▶ _Task item_: The task requires repeating, word for word, the lines from the one with "Jewelry, bracelet, glass" through the end of the material, leaving out all pictures.

Segment Start: Supplied data

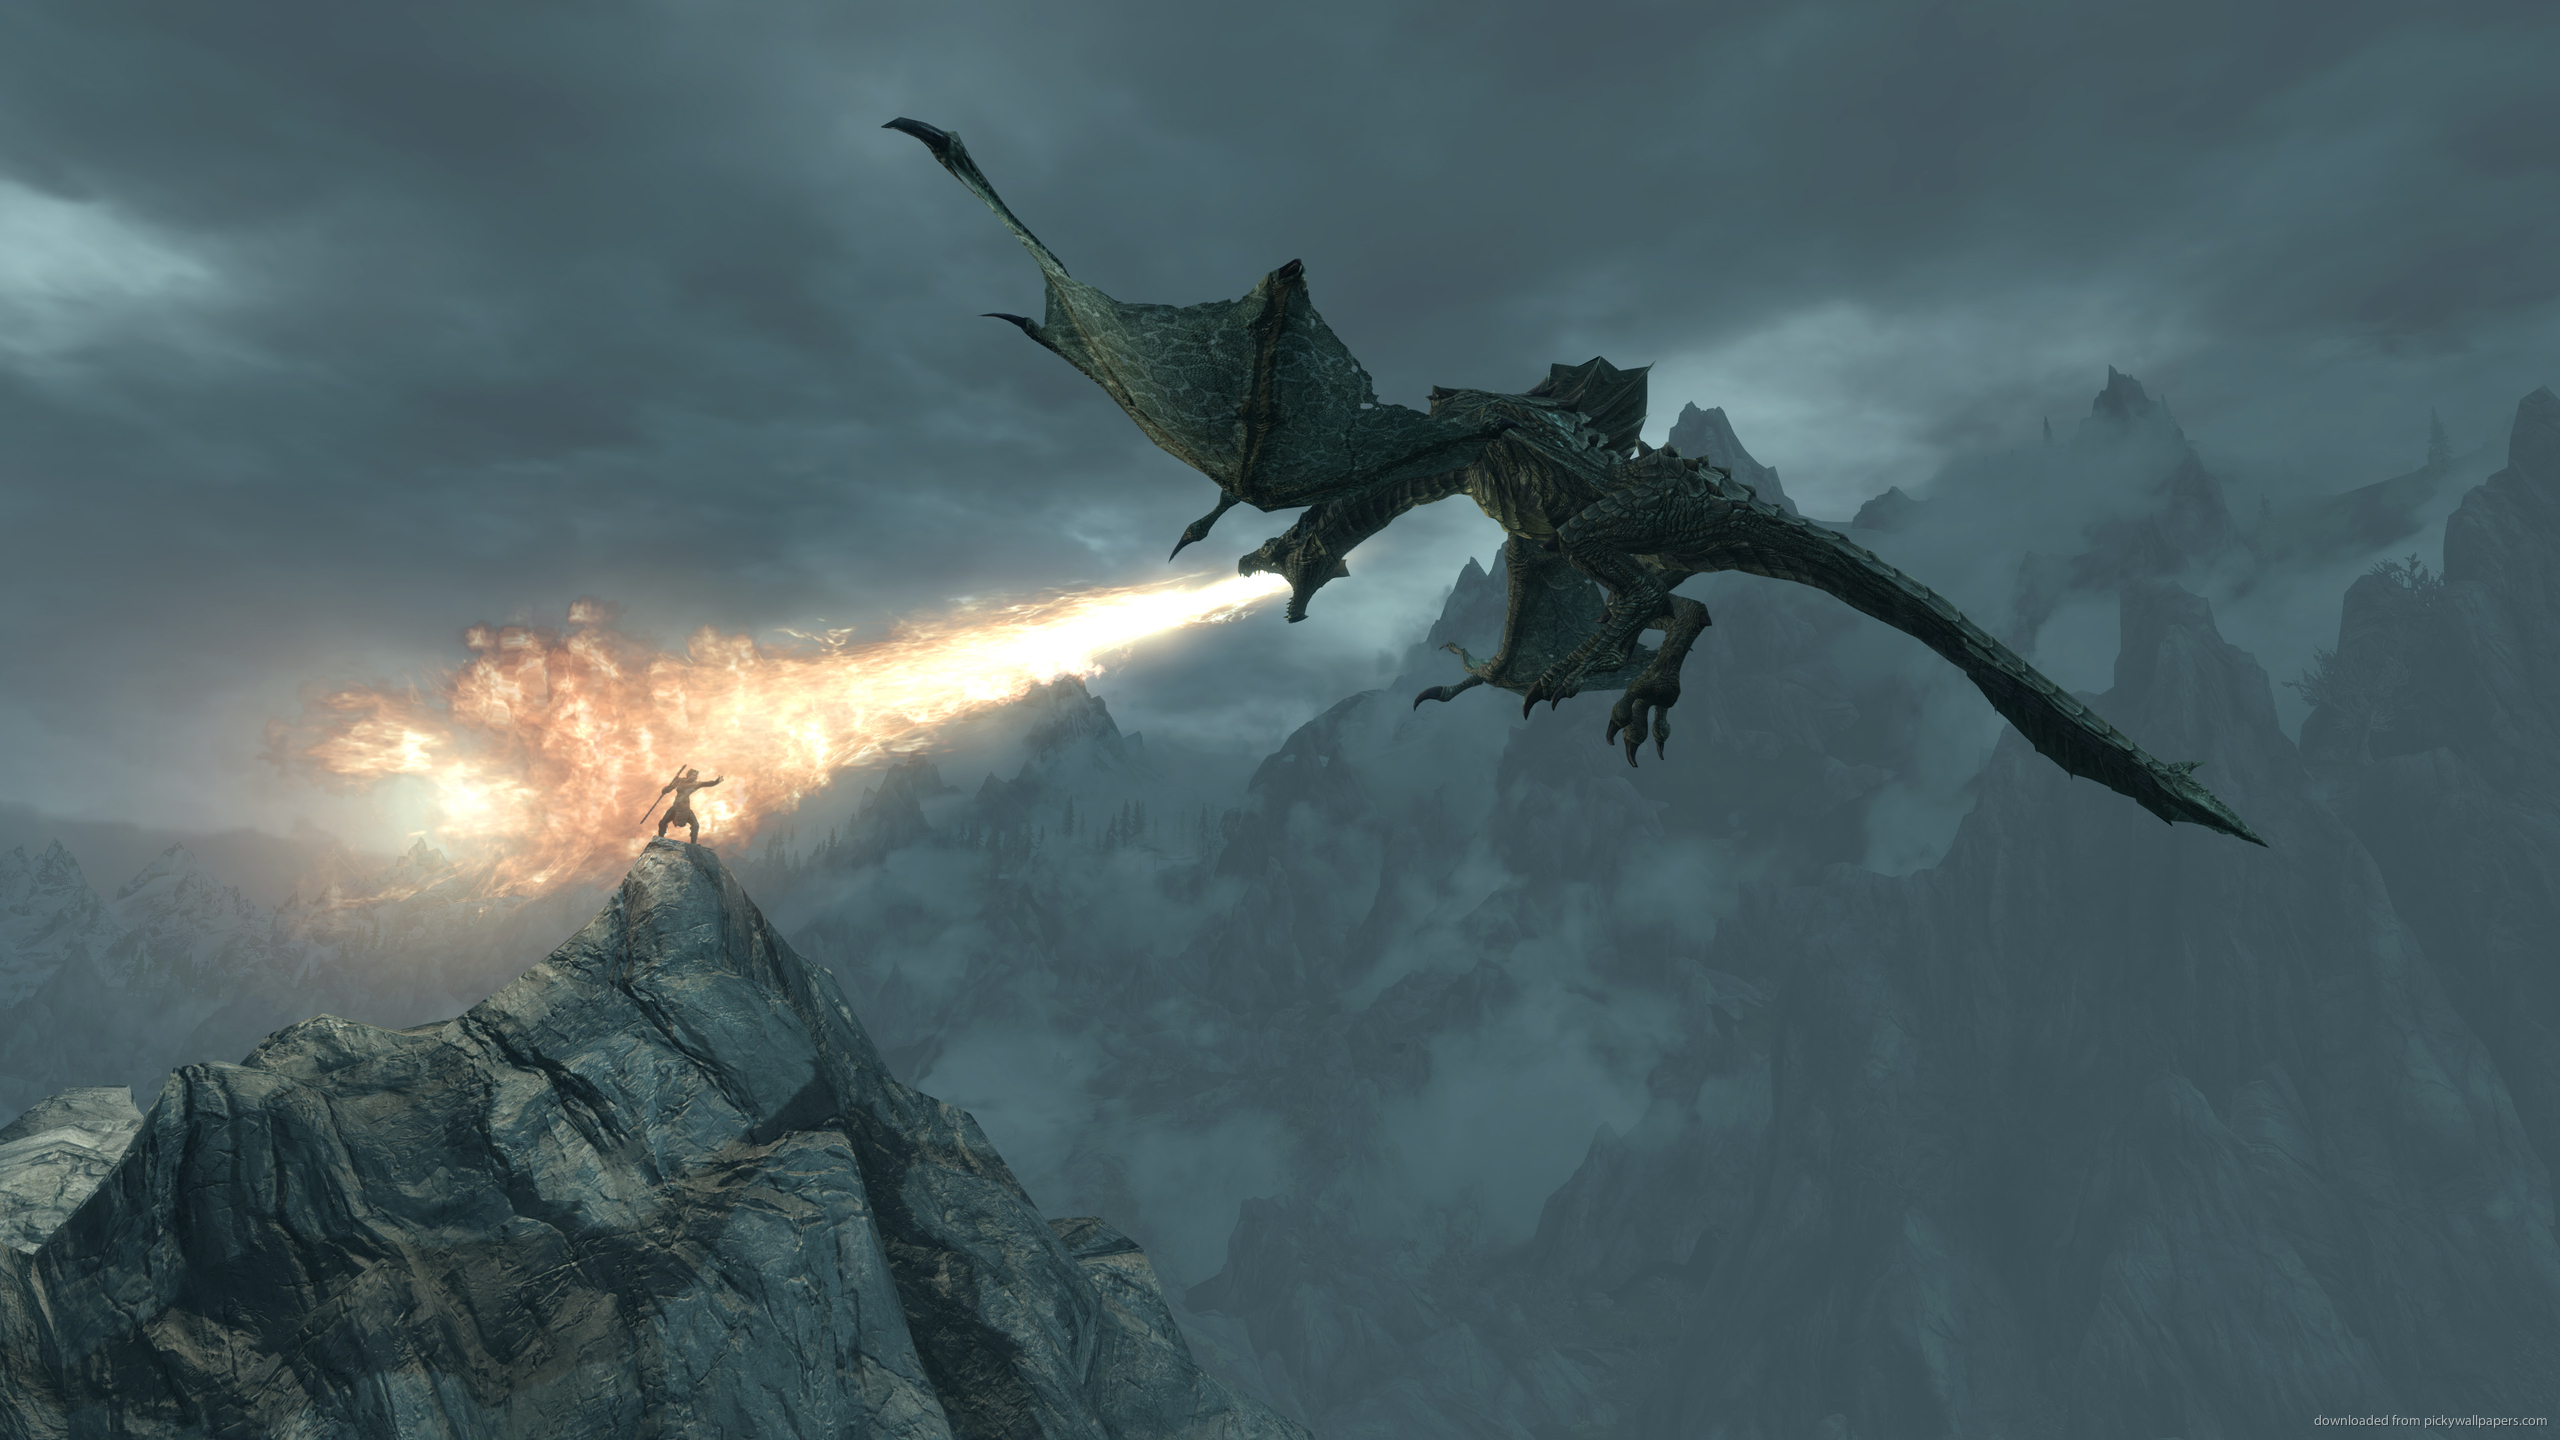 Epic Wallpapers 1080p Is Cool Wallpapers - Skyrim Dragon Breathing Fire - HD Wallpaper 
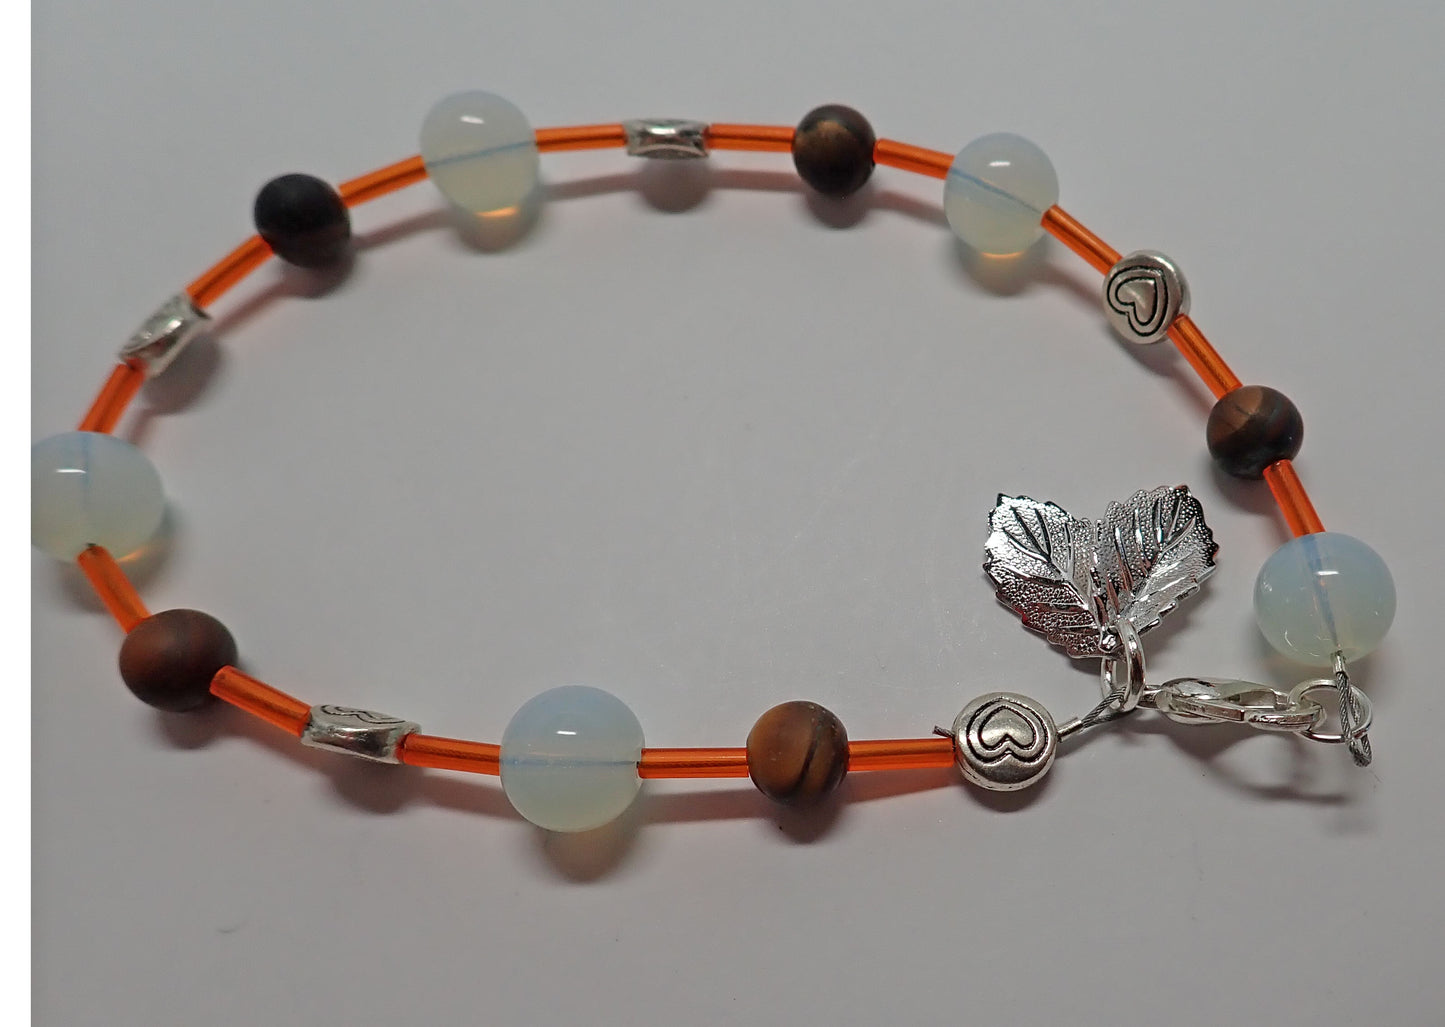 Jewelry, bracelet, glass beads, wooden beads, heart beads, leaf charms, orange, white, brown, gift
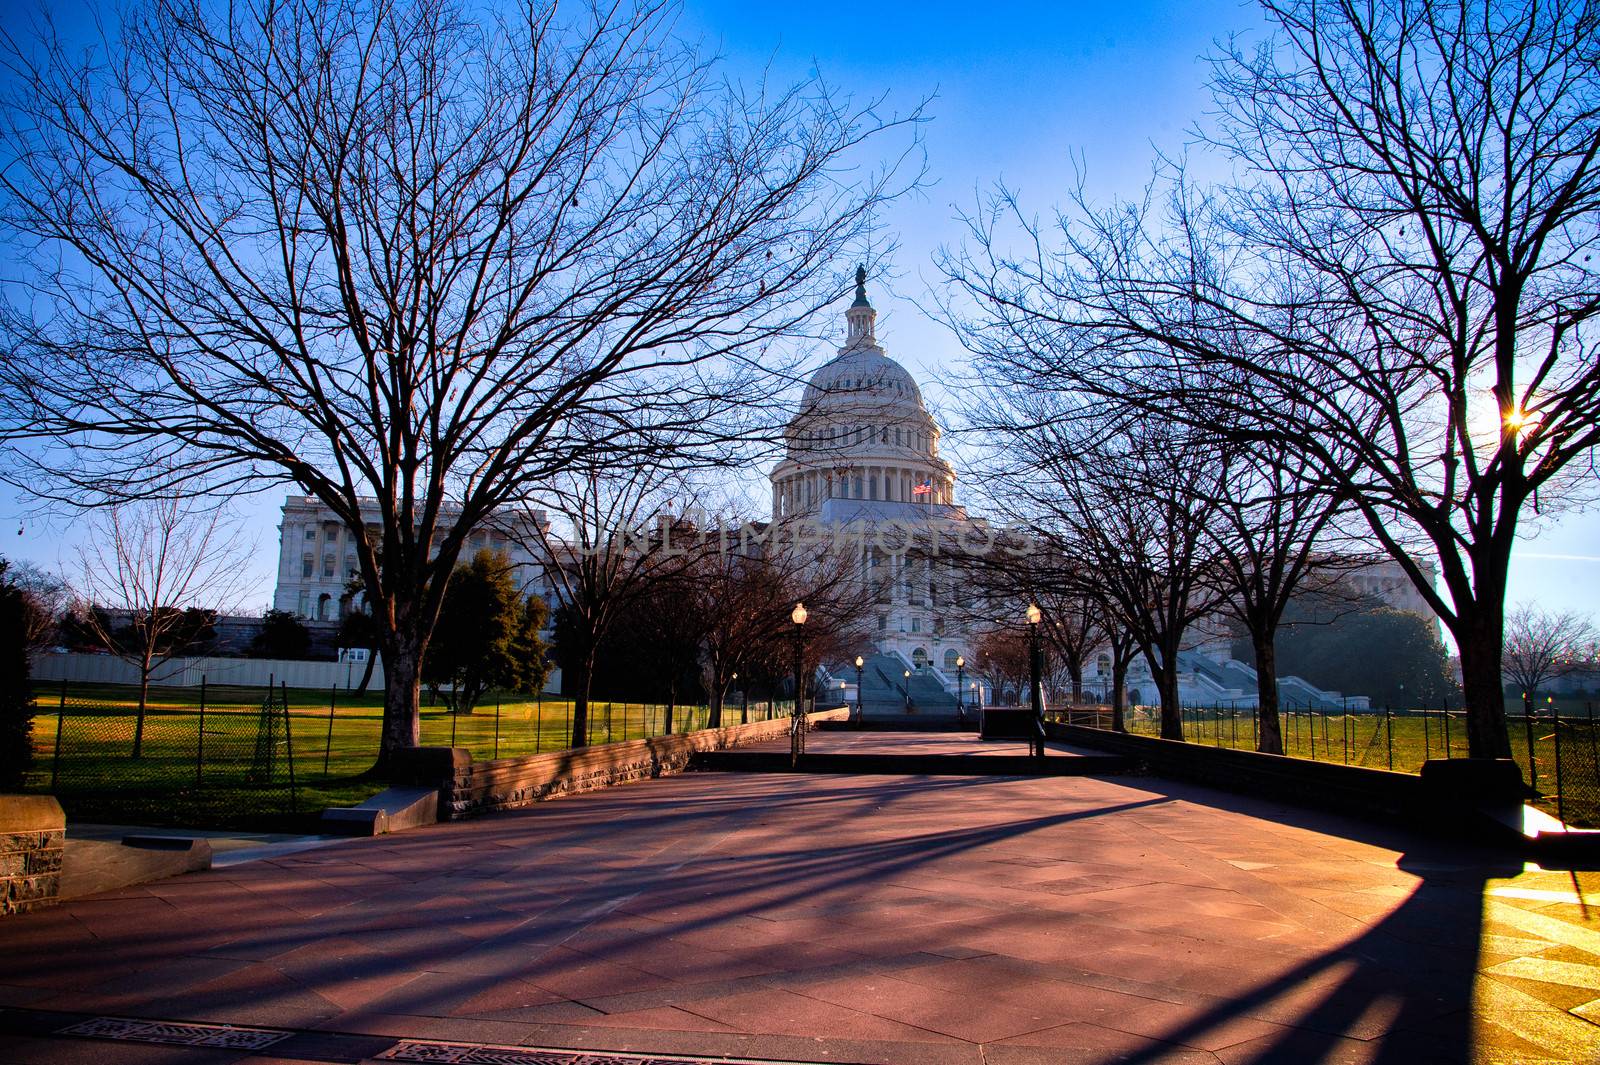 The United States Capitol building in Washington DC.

Segment End: Supplied data

▶ _Your solution_:
 Jewelry, bracelet, glass beads, wooden beads, heart beads, leaf charms, orange, white, brown, gift
 The United States Capitol building in Washington DC.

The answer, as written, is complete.